◆ **Work to be completed**: In this exercise, print only the lines of the records below from the one with "LG Rebel™ 2 LTE (CDMA) | TracFone" through the one with "Öl Lkw Skizze", inclusive. Pictures are not part of the copy.

Given entries below:

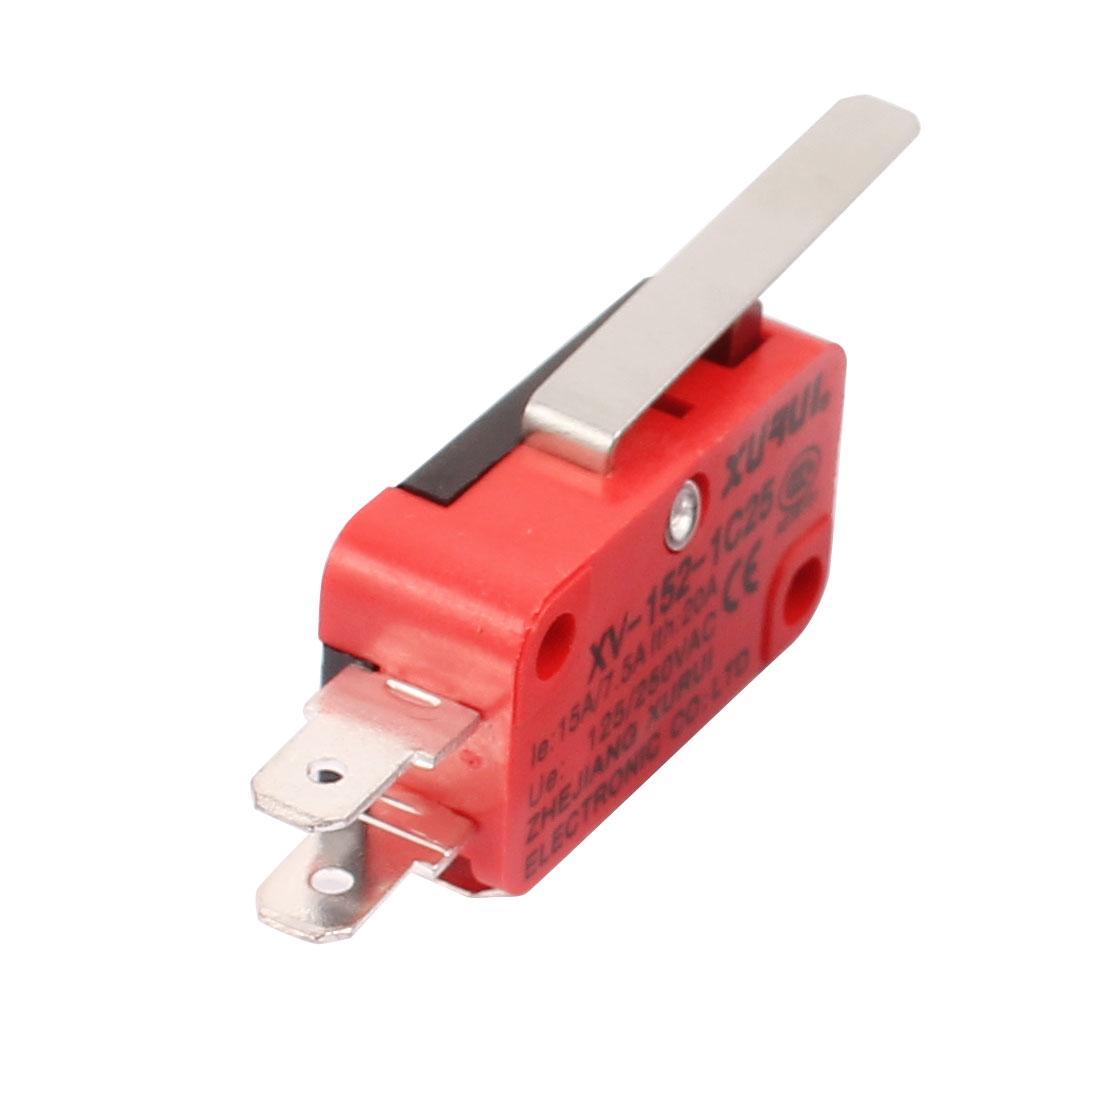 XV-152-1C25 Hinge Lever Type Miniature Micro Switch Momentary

End of Given entries.
Given entries below:

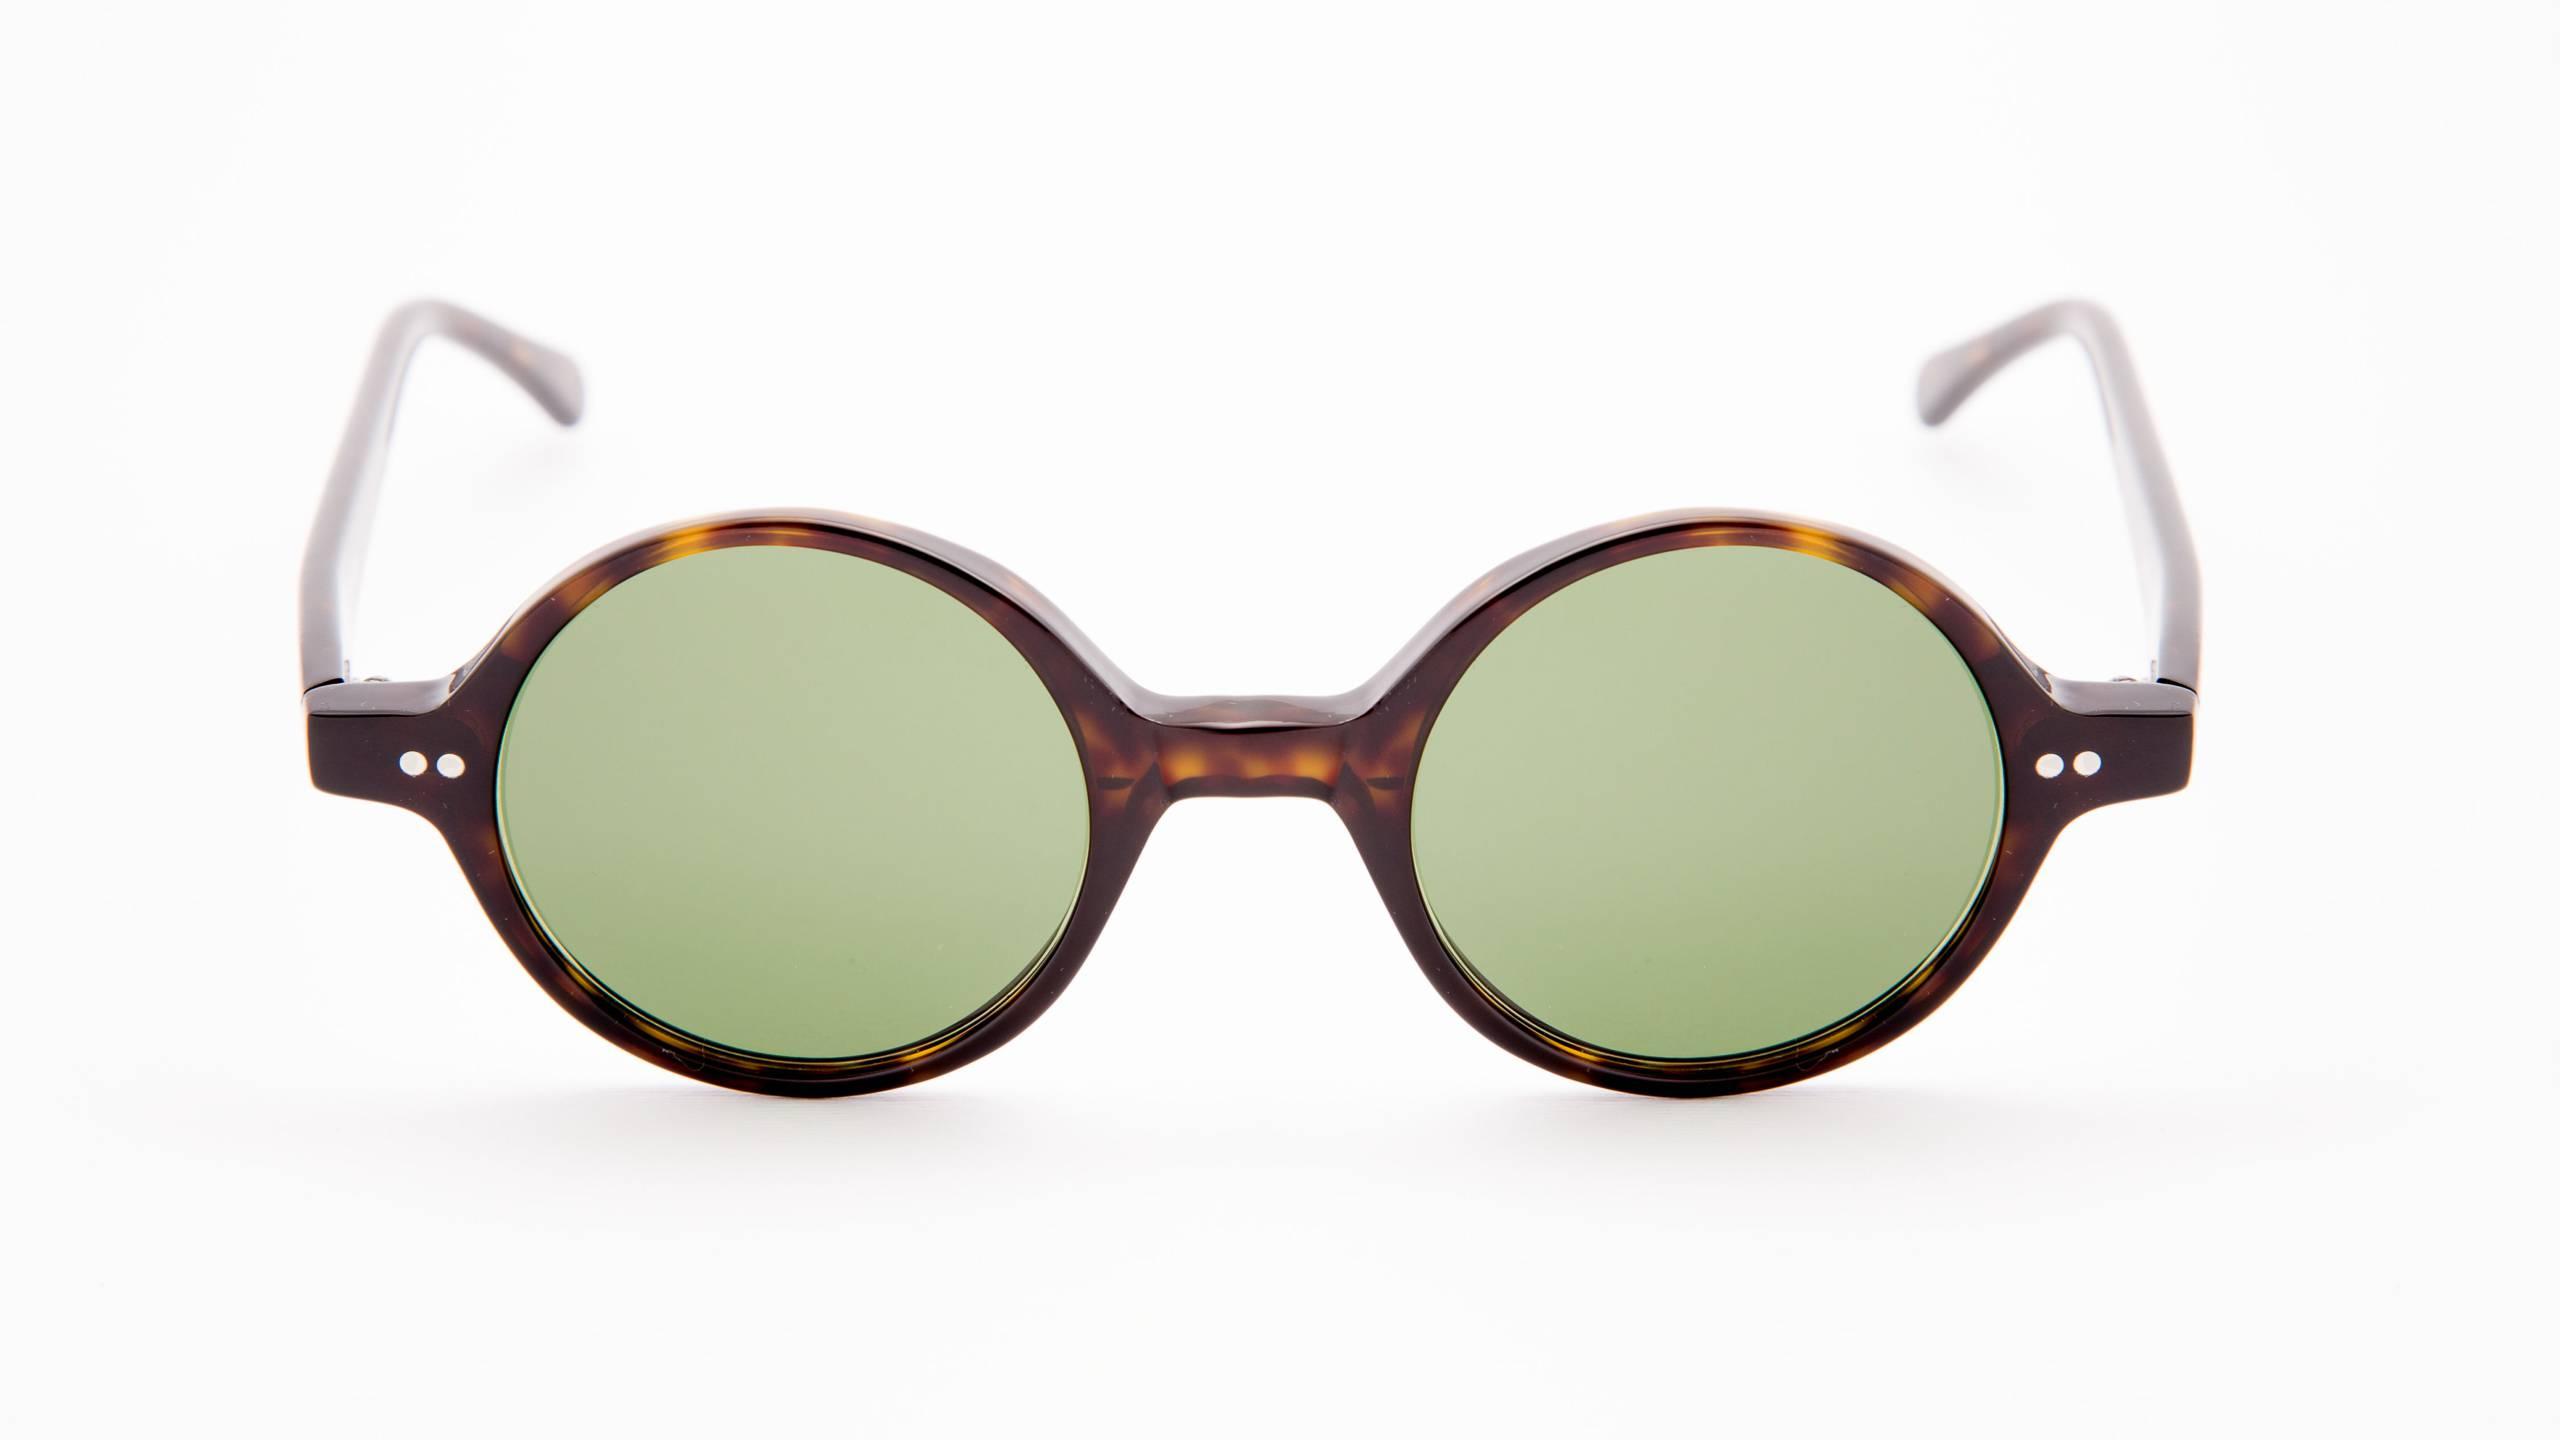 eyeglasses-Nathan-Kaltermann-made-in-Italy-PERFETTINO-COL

End of Given entries.
Given entries below:

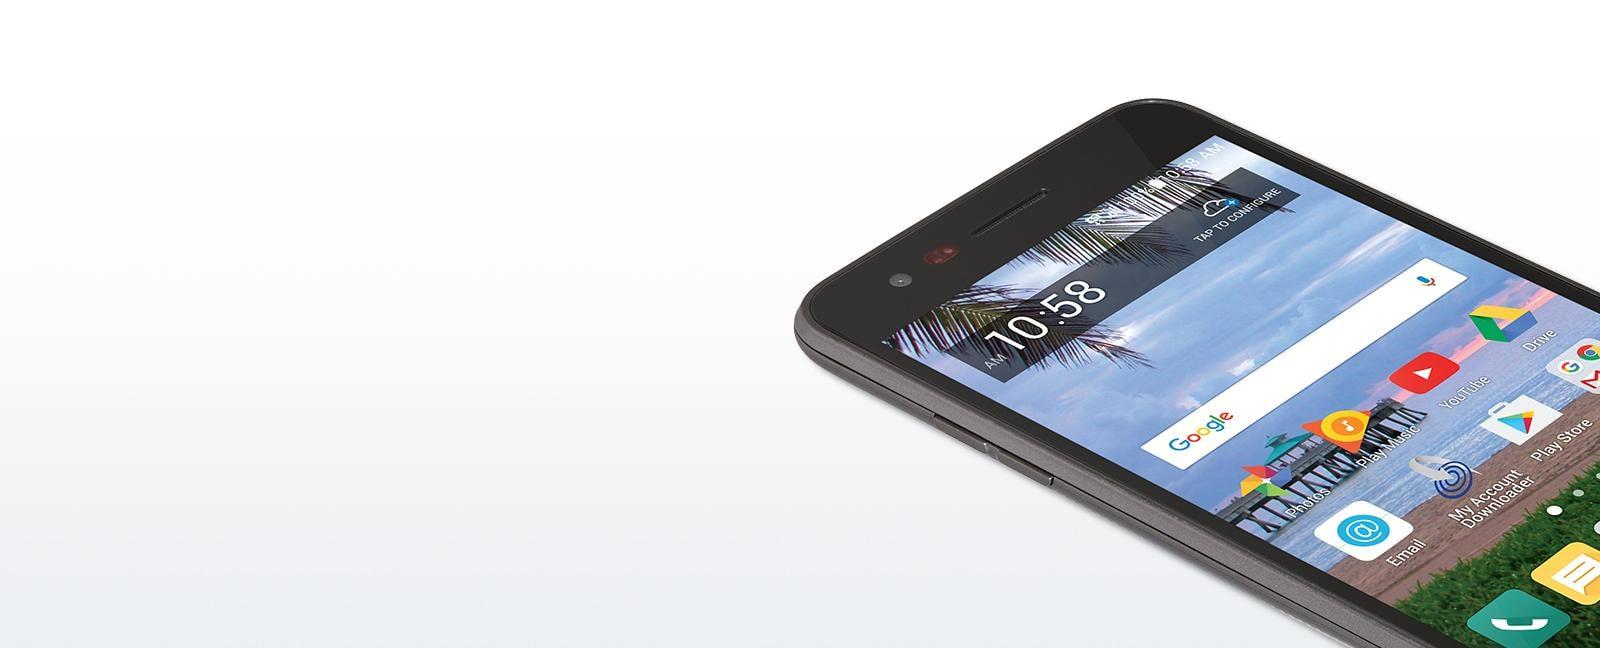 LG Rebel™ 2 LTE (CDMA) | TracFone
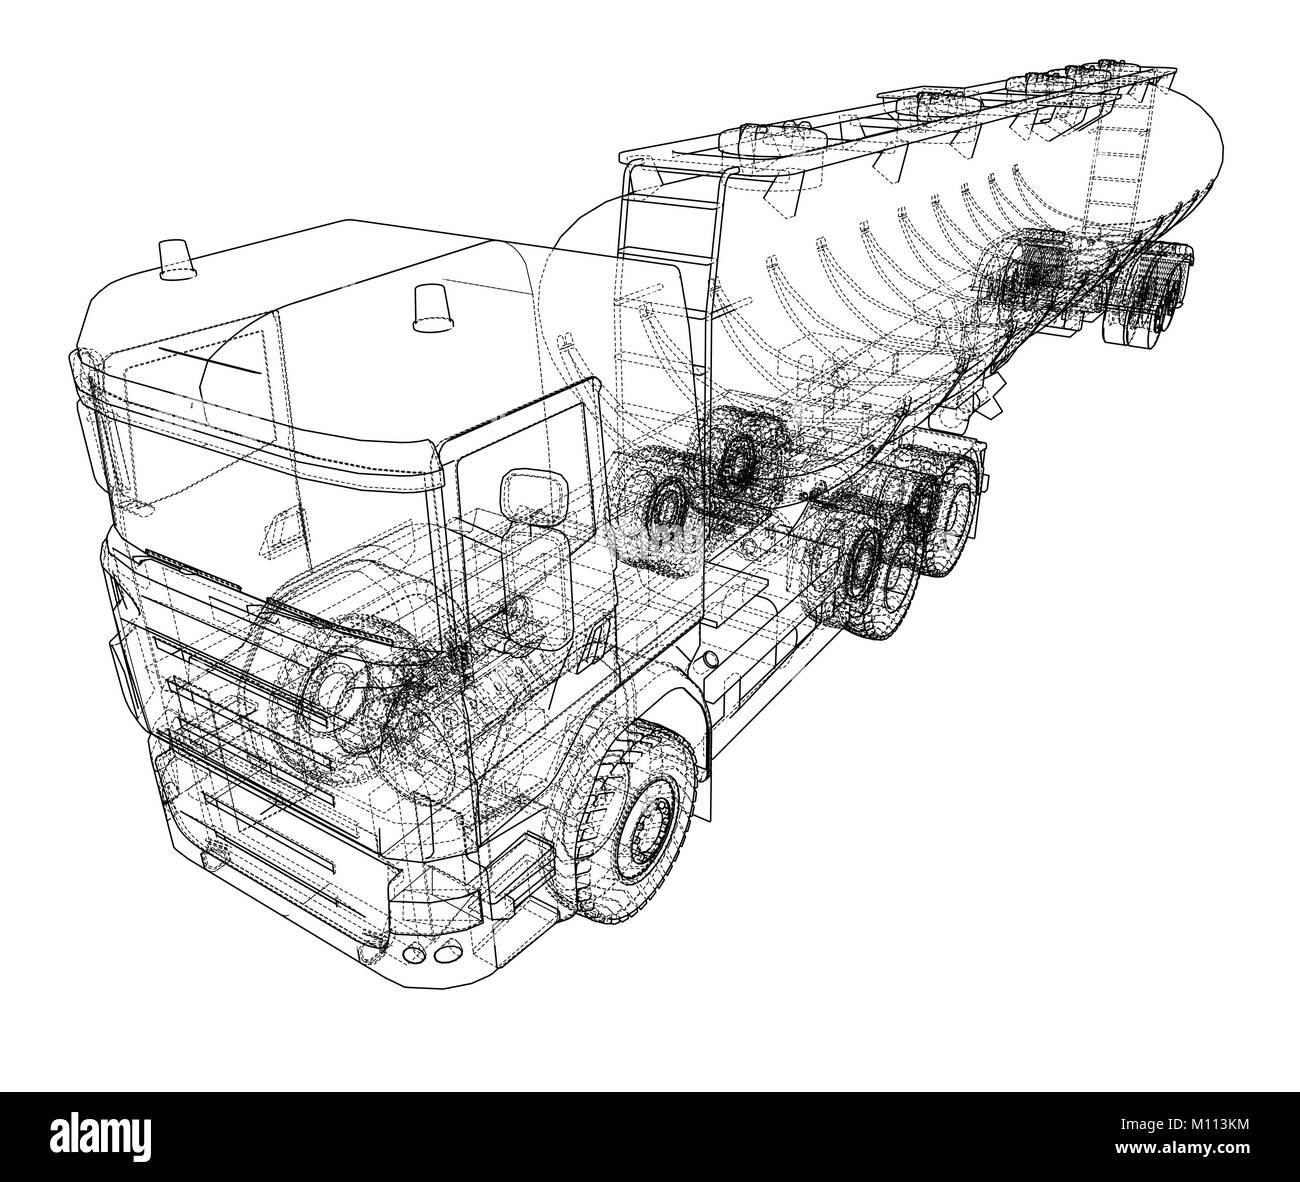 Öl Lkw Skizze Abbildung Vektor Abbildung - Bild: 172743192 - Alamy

End of Given entries.

◆ **Written response**:
 LG Rebel™ 2 LTE (CDMA) | TracFone
 Öl Lkw Skizze Abbildung Vektor Abbildung - Bild: 172743192 - Alamy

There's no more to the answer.